Syracuse: Senior center Jeremy McNeil, (6-8 250), provides a defensive presence off the bench and recorded three blocks against Boston College. Freshman guard Louie McCroskey, (6-5 187), provides a scoring threat if needed.
Summary: BYU relies heavily on its bench and can bring in some very experienced role players onto the court. Syracuse's bench has been shut out three times this year and three freshmen are key reserves. Enough said.
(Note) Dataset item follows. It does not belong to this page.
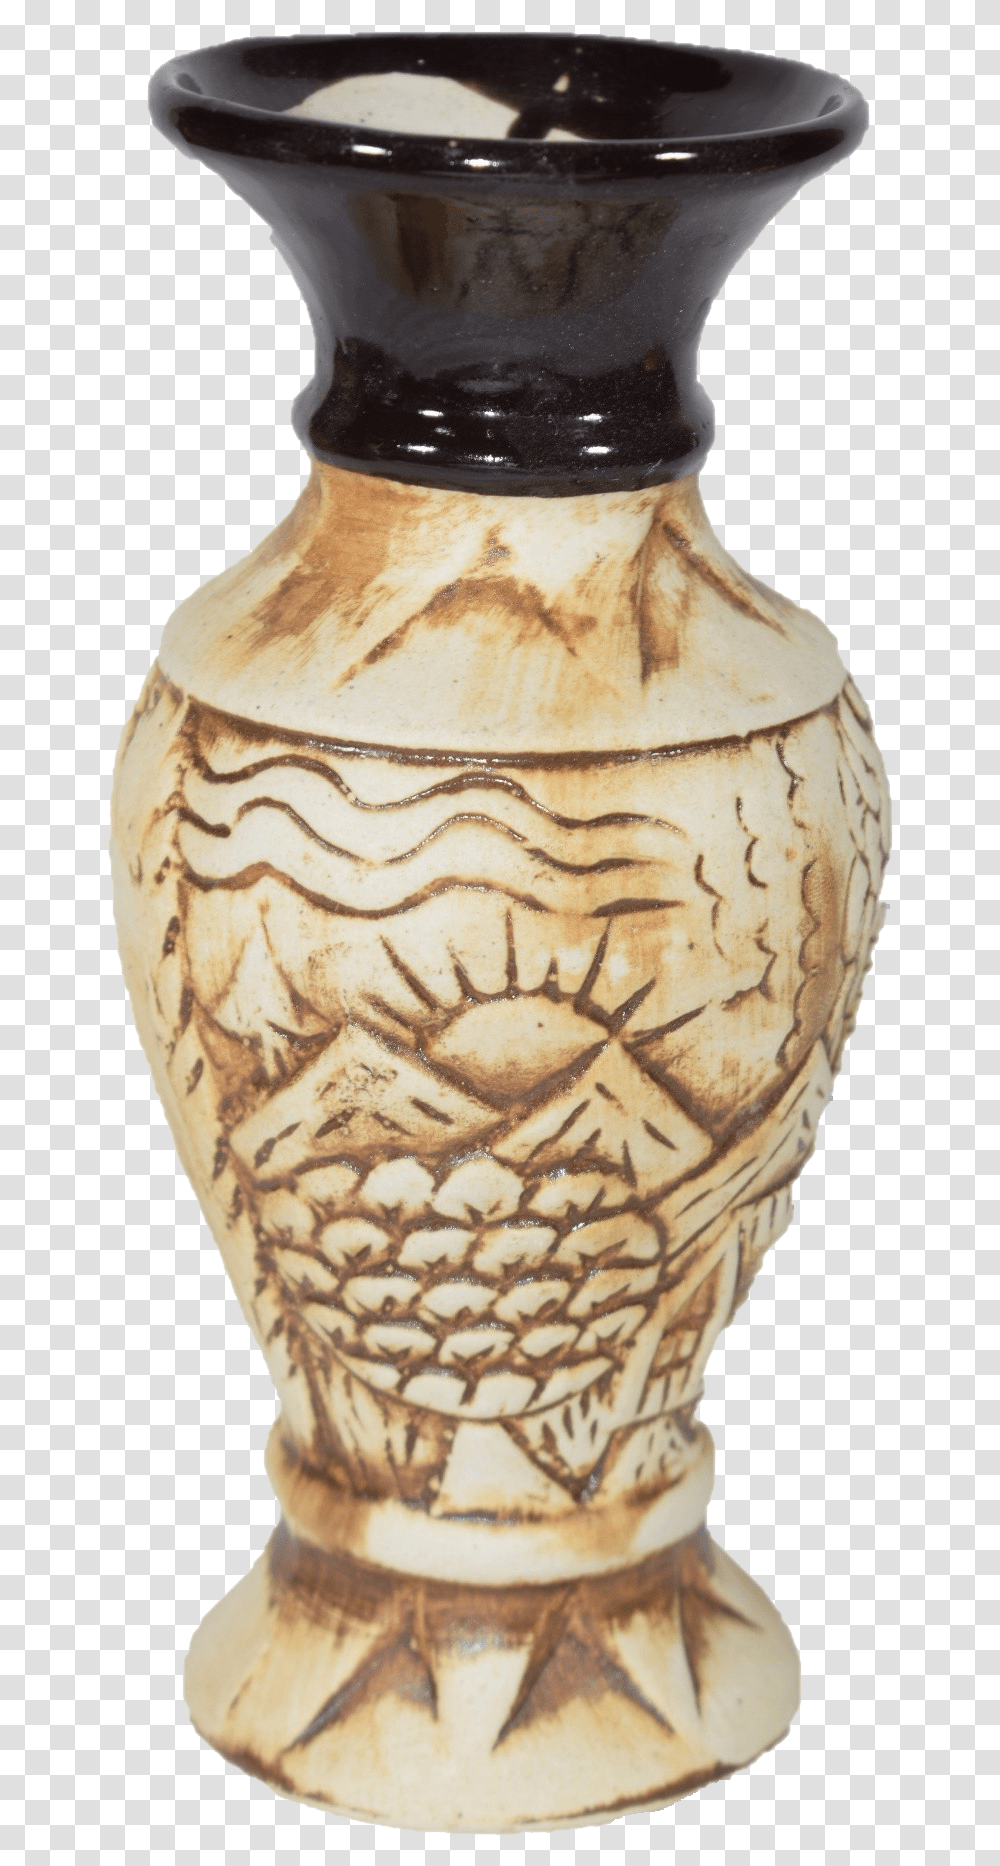 Vase Background, Urn, Jar, Pottery, Ice Cream Transparent Png

BYU: Cougar head coach Steve Cleveland has never won an NCAA tournament game. This is one monkey he definitely wants to get off his back.
Syracuse: Orangemen head man Jim Boeheim has led his team deep into the NCAA tournament several times before finally winning last year's national championship. He'll have his team ready.
BYU is a senior-heavy team hungry for a tournament victory and won't be intimidated by last year's NCAA national champion. Life, post Carmelo, won't treat Syracuse quite so grandly in the NCAA tournament. The altitude of Denver, the pro-BYU crowd, and the super-sized Araujo will be too much for the Orangemen to overcome.